## What this task involves:
Return each line exactly, beginning with the one that has "Femme enceinte en" and finishing with the final line of the material. Drop any pictures.

··· Data segment

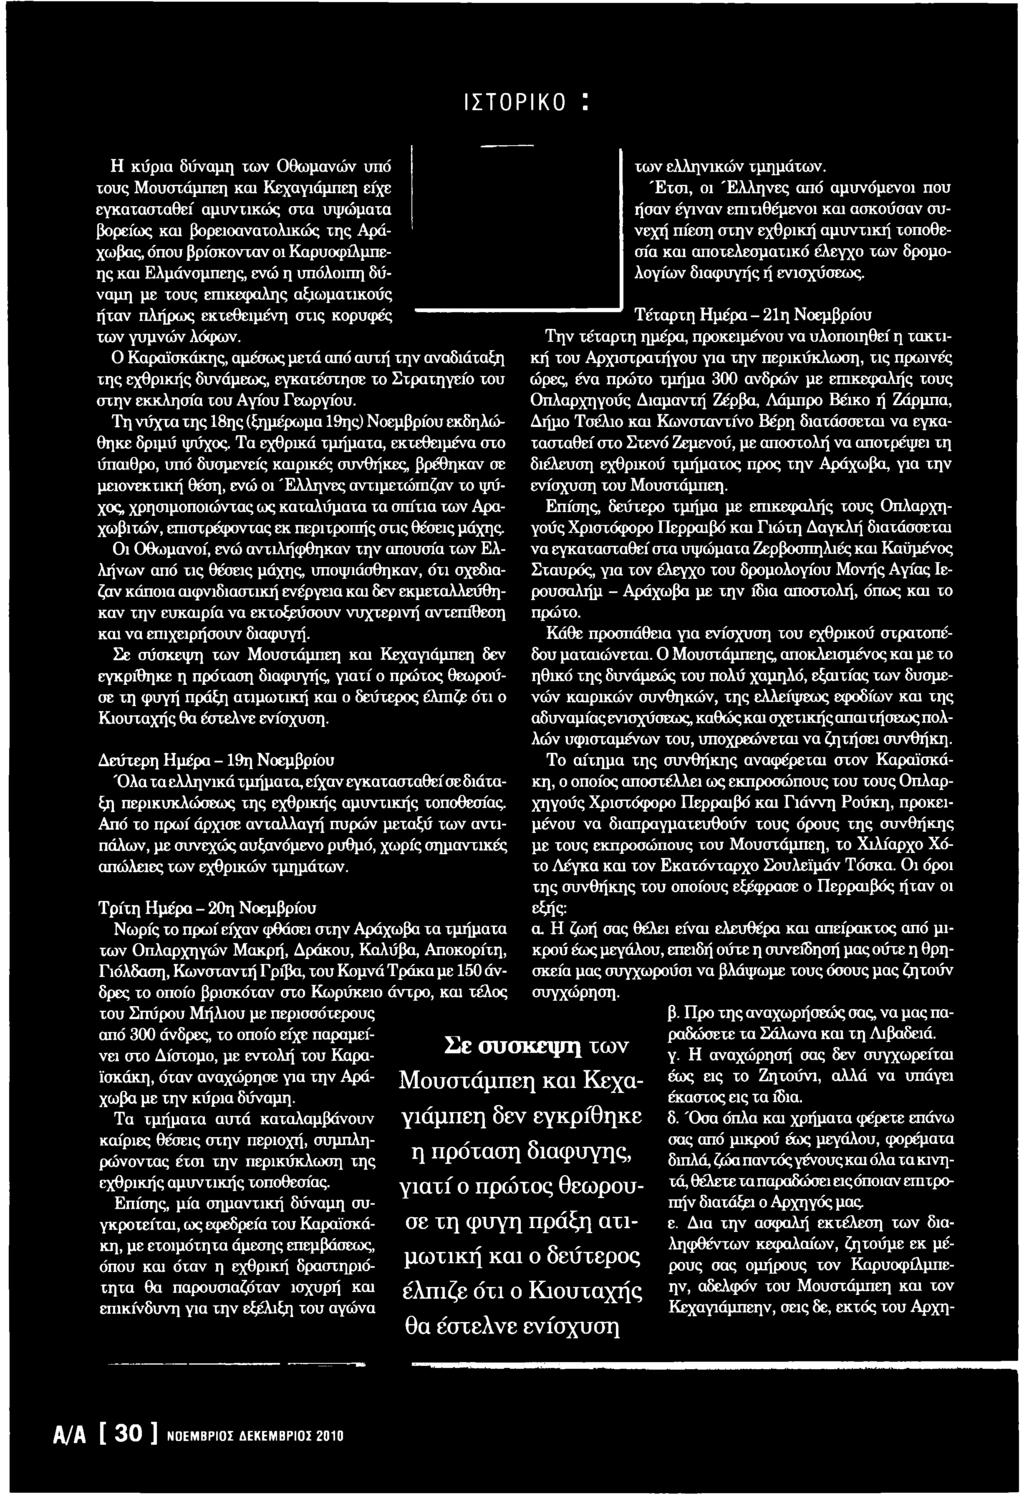 ΤΛ νασκό π η σ η. ΝΟΕΜΒΡΙΟΣ-ΔΕΚΕΜΒΡΙΟΣ 2010 / έτος 27» - PDF ΔΩΡΕΑΝ Λήψη
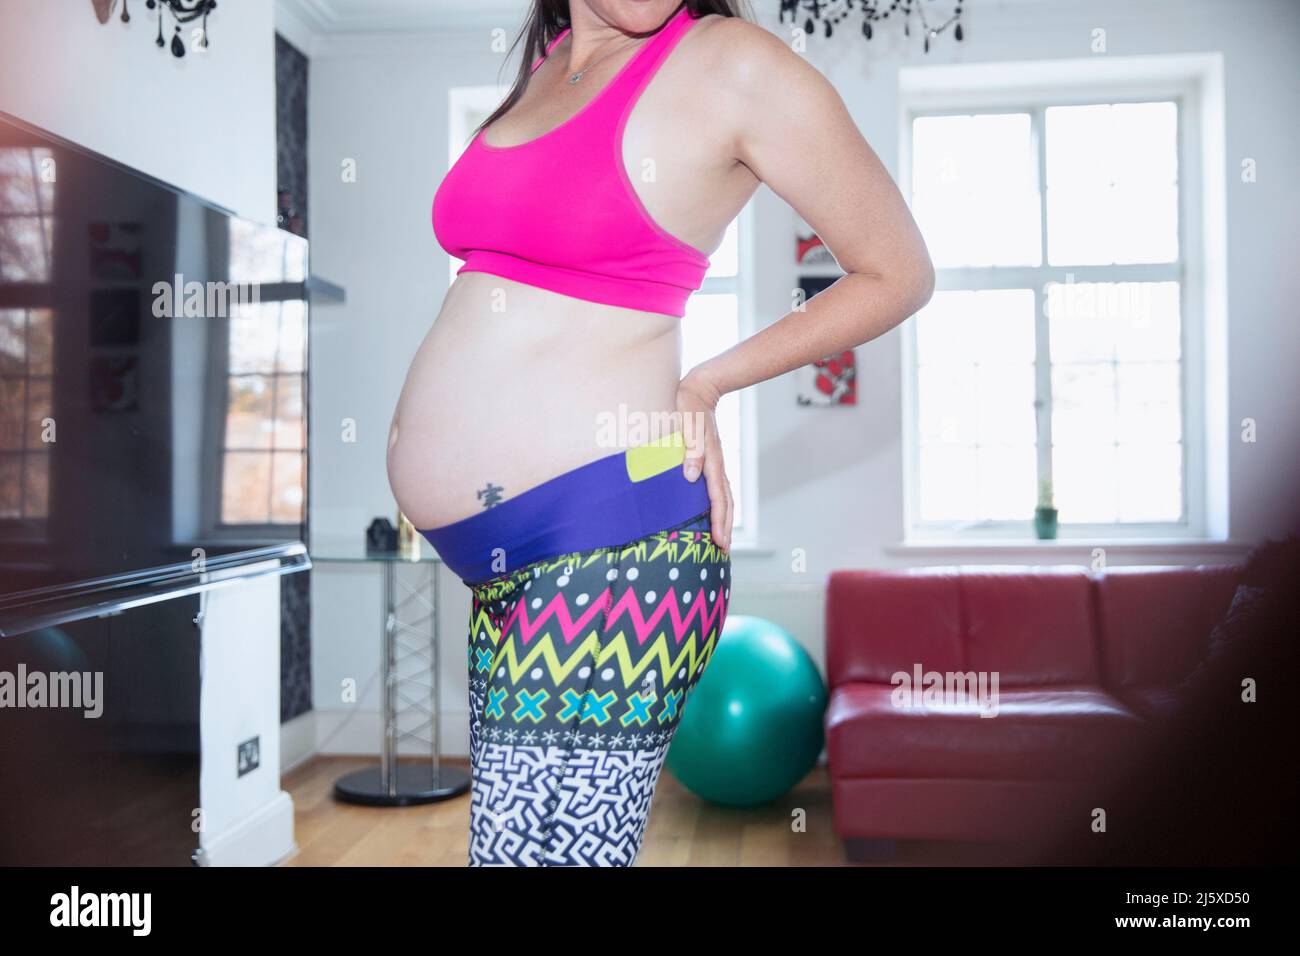 Femme enceinte en soutien-gorge de sport et leggings s'entraînant à la maison Banque D'Images
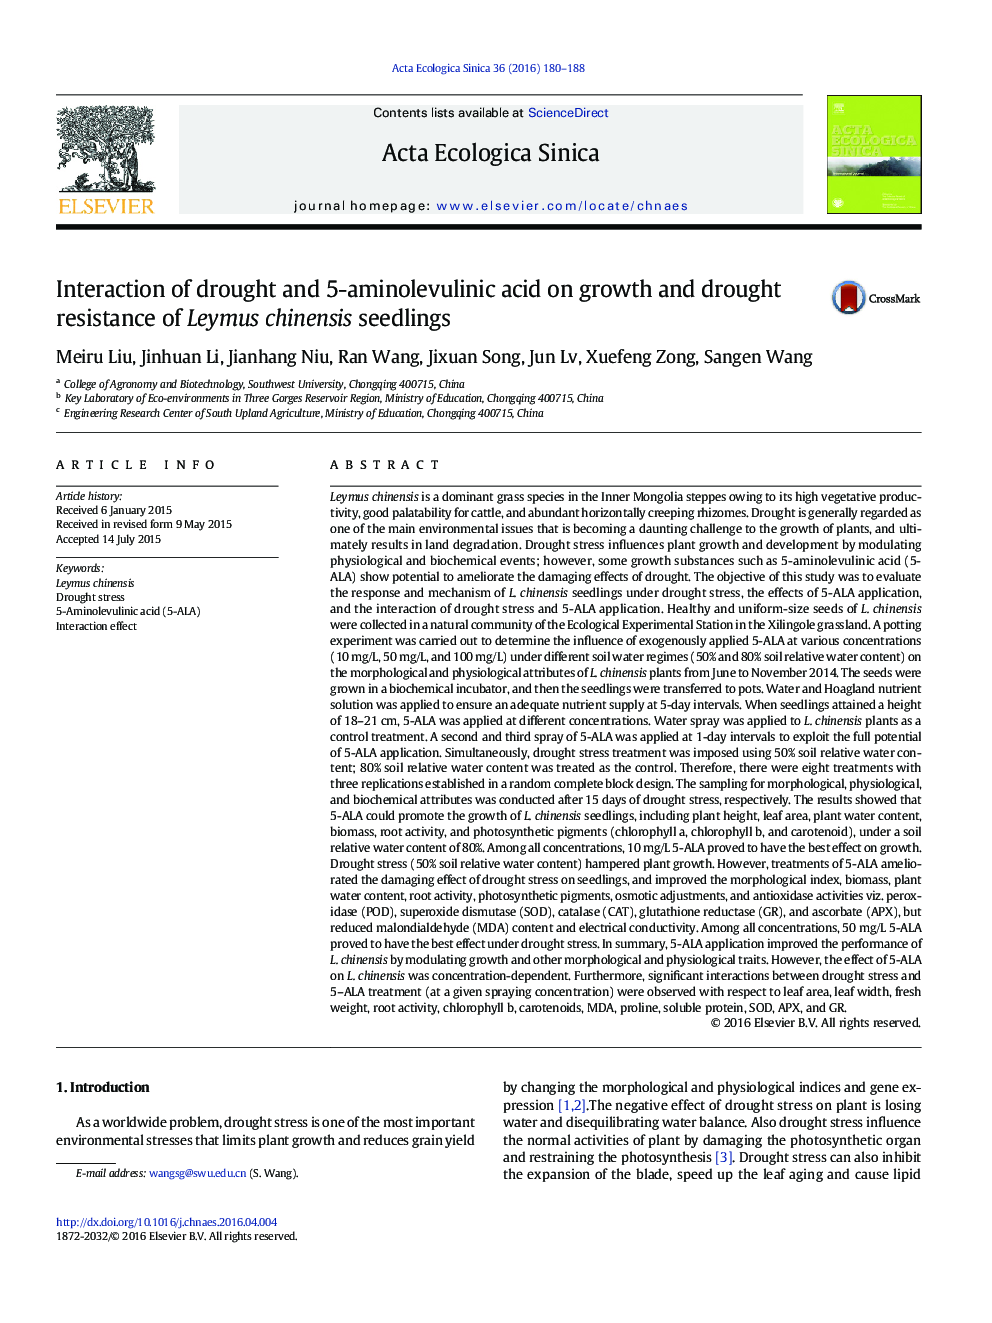 تعامل خشکی و 5-آمینولولولینیک اسید بر رشد و مقاومت خشکی گیاهچه های Leymus chinensis

······

## Result of the exercise:
 Femme enceinte en soutien-gorge de sport et leggings s'entraînant à la maison Banque D'Images
 تعامل خشکی و 5-آمینولولولینیک اسید بر رشد و مقاومت خشکی گیاهچه های Leymus chinensis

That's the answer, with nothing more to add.